- Born: Renato Abate April 25, 1958 (age 68) Milan, Italy
- Occupation: Singer-songwriter

= Garbo (singer) =

Italian singer-songwriter

Renato Abate (born 25 April 1958), best known as Garbo, is an Italian singer-songwriter and record producer. He is considered one of the most important exponents of Italian new wave music.

== Background ==
Born in Milan, Garbo made his debut in 1981 with A Berlino... Va Bene, an album influenced by the David Bowie's Berlin Trilogy.

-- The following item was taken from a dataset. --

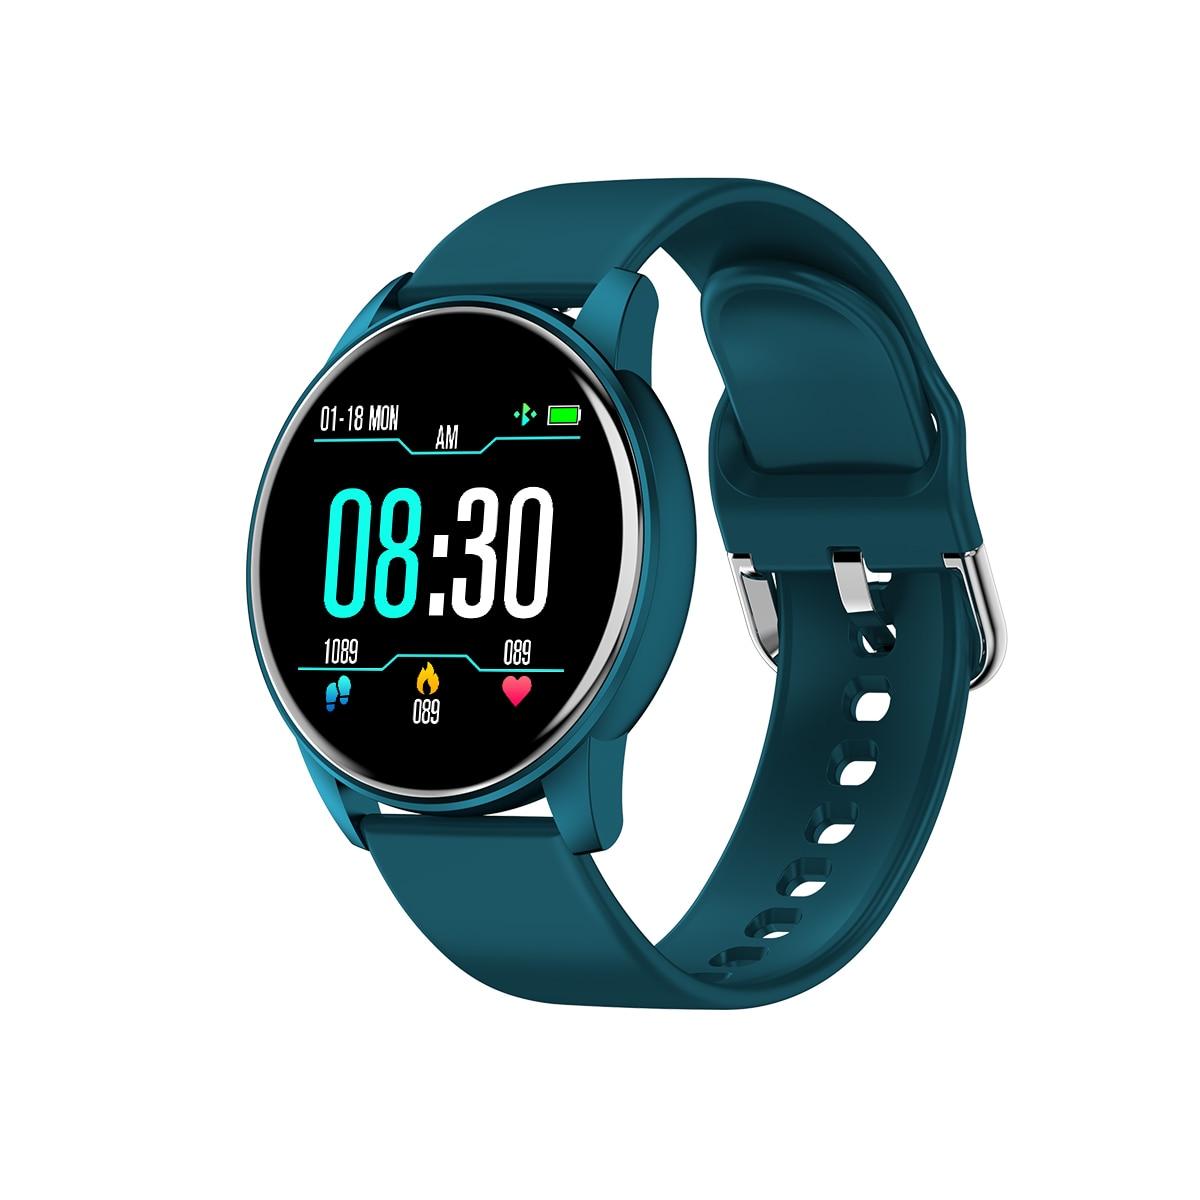 LEMFO Smart Watch Women Sports Tracker Heart Rate Blood Pressure Monitor Waterproof Long Standby Smart Watch Men For Android IOS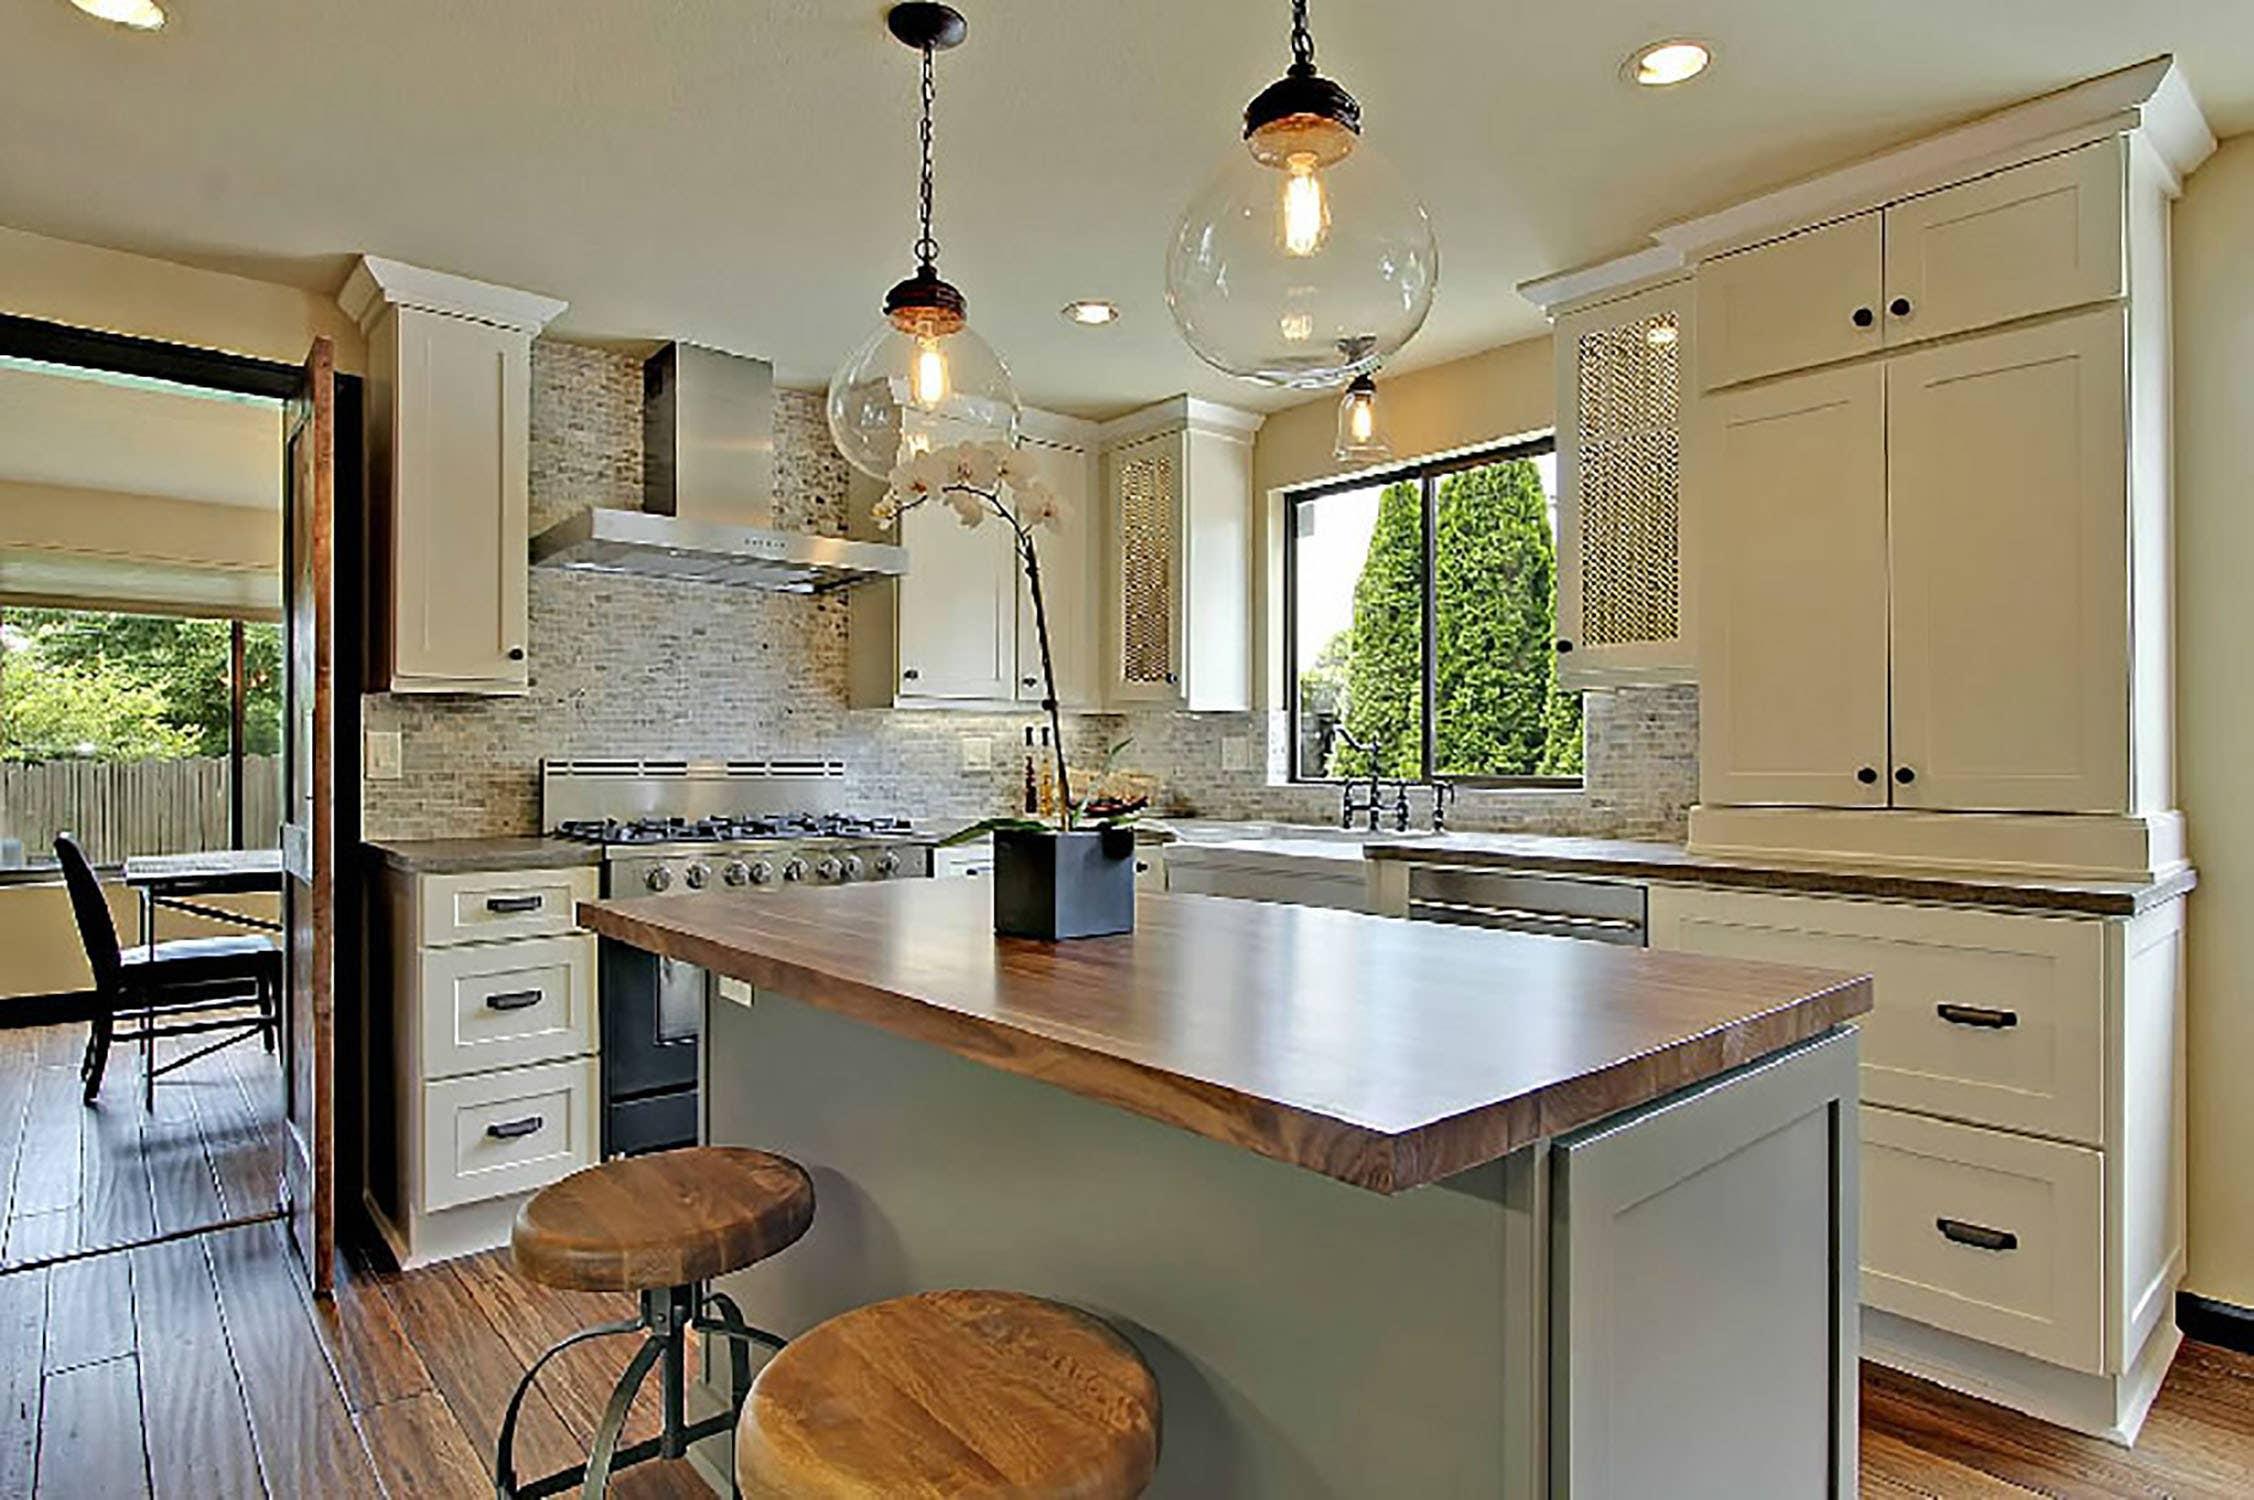 kitchen has white shaker cabinets, wood countertops, bar stools and floor, and natural stone backsplash

The eponymous title-track was released as a single and it was met with critical success. Garbo's two subsequent albums were well received, but the peak of his career came in 1984 with the song "Radioclima". Presented at the Sanremo Music Festival, it won the Critics Jury Award. Garbo returned to Sanremo the following year, with the song "Cose veloci". In 1993, he founded his own record label, Discipline, with which he released his later works.

In 2006, Garbo was honored by a tribute album, ConGarbo, where some of his most popular songs were covered by protagonists of the Italian independent music scene such as Baustelle, Delta-V, Krisma, Zu and Meg (former members of 99 Posse), Soerba (Luca Urbani and Gabriele D'Àmora), Andy (from Bluvertigo) and Boosta (from Subsonica).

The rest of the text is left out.